Ora che le misurazioni sono state ripetute, non può che giungere la conferma di quel che le sensazioni già esprimevano con chiarezza: i numeri del fenomeno Facebook non accennano a diminuire. Il sito, peraltro, dimostra piena salute anche negli States, ove la crescita è ostacolata da social network rivali già consolidati nel tempo e dove il livello di crescita del sistema potrebbe suggerire la possibilità per cui il comparto del networking possa già essere giunto ad un punto avanzato di maturazione. Il trend, invece, non accenna a rallentare ed a farne le spese è ancora una volta MySpace.

Nel mese di Settembre Facebook ha totalizzato qualcosa come il 58.59% delle visite dell’intero comparto “social network”. La crescita è di oltre il 3% rispetto al mese di Agosto e di ben il 194% rispetto ad un anno fa. Nel giro di 12 mesi, insomma, il sito ha triplicato le visite lasciando agli altri solo le briciole. Twitter è in quarta posizione, ma la crescita è strabiliante: +1170%, pur raggiungendo soltanto l’1.84% delle visite totali. Anche Tagged, in terza piazza, ne esce con un +47% che porta il sito al 2.38% delle visite complessive del comparto.

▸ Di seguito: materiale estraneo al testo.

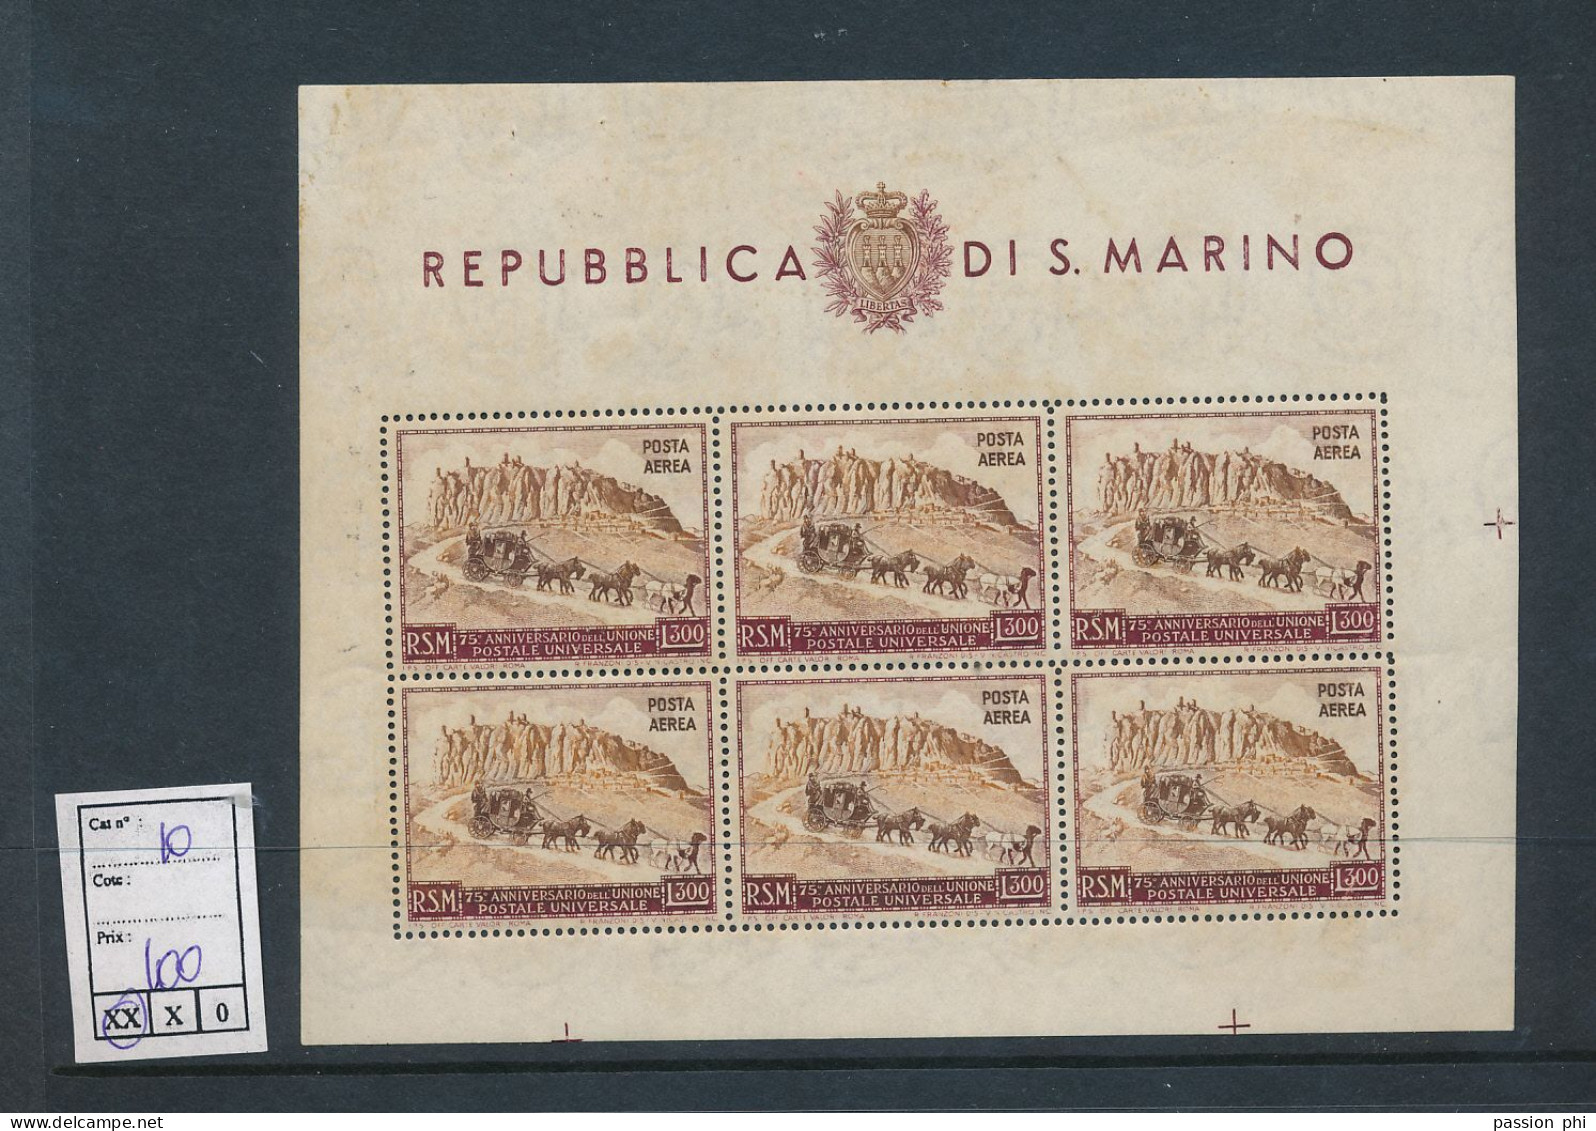 ST. MARINO SASSONE 10 MNH A LACK OF GUM AT THE TOP NORMAL FOR THIS BLOCK TWO PIN HOLES ON THE TOP - Blocs-feuillets

La fotografia più mesta dell’intero quadro statistico Experian Hitwise è quella dedicata a MySpace. Il social network di proprietà di Rupert Murdoch, infatti, occupa la seconda piazza grazie ad un 30.26% di visite ereditate dagli antichi splendori del network, ma il calo è vistoso: -3% circa nell’ultimo mese, -55% nell’ultimo anno. Murdoch, in verità, aveva visto lungo il giorno in cui decise di investire su MySpace: qualche centinaio di milioni di dollari furono sufficienti per accaparrarsi il leader del settore e per vari mesi non servirono ulteriori investimenti: il network restituiva resultati e Murdoch si faceva vanto della propria iniziativa di acquisto.

Il tempo però è stato giudice: quando la massa degli utenti ha spostato la propria inerzia verso Facebook, non c’è stato nulla da fare: il network di Mark Zuckerberg si è gonfiato a dismisura, mentre MySpace è caduto sotto il peso di una community sempre meno popolosa ed una struttura del sito sempre più zoppicante. I numeri odierni, peraltro, non fanno che fotografare una situazione cronica di cui il gruppo News Corp. ha già preso atto nel momento in cui ha dato il via all’ultima tornata di licenziamenti necessaria per la salvaguardia dei bilanci. Alla luce dei fatti non sembra nemmeno esserci particolare desiderio di rivalsa: Murdoch (non a caso anche soprannominato “lo squalo”) sta esprimendo la propria verve altrove, e sui social network non si pronuncia ormai da tempo.

Per MySpace non va meglio nemmeno dal punto di vista del tempo passato sul sito da parte degli utenti: se ogni singolo contatto passava nel 2008 poco meno di 30 minuti sul sito, ora i minuti sono 25 (-12%). Facebook, invece, anche da questo punto di vista inizia ad imporre la propria legge: partendo da una posizione defilata, il sito ha visto crescere i minuti di permanenza degli utenti da 18:38 a 23:00 in un solo anno con una crescita del 23% (fondamentale ai fini pubblicitari). Twitter, sebbene abbia moltiplicato i contatti, vede diminuito il tempo passato tra i cinguettii di ben il 56%, il che va a fare il paio con l’altissimo tasso di abbandono sperimentato tra gli account attivati.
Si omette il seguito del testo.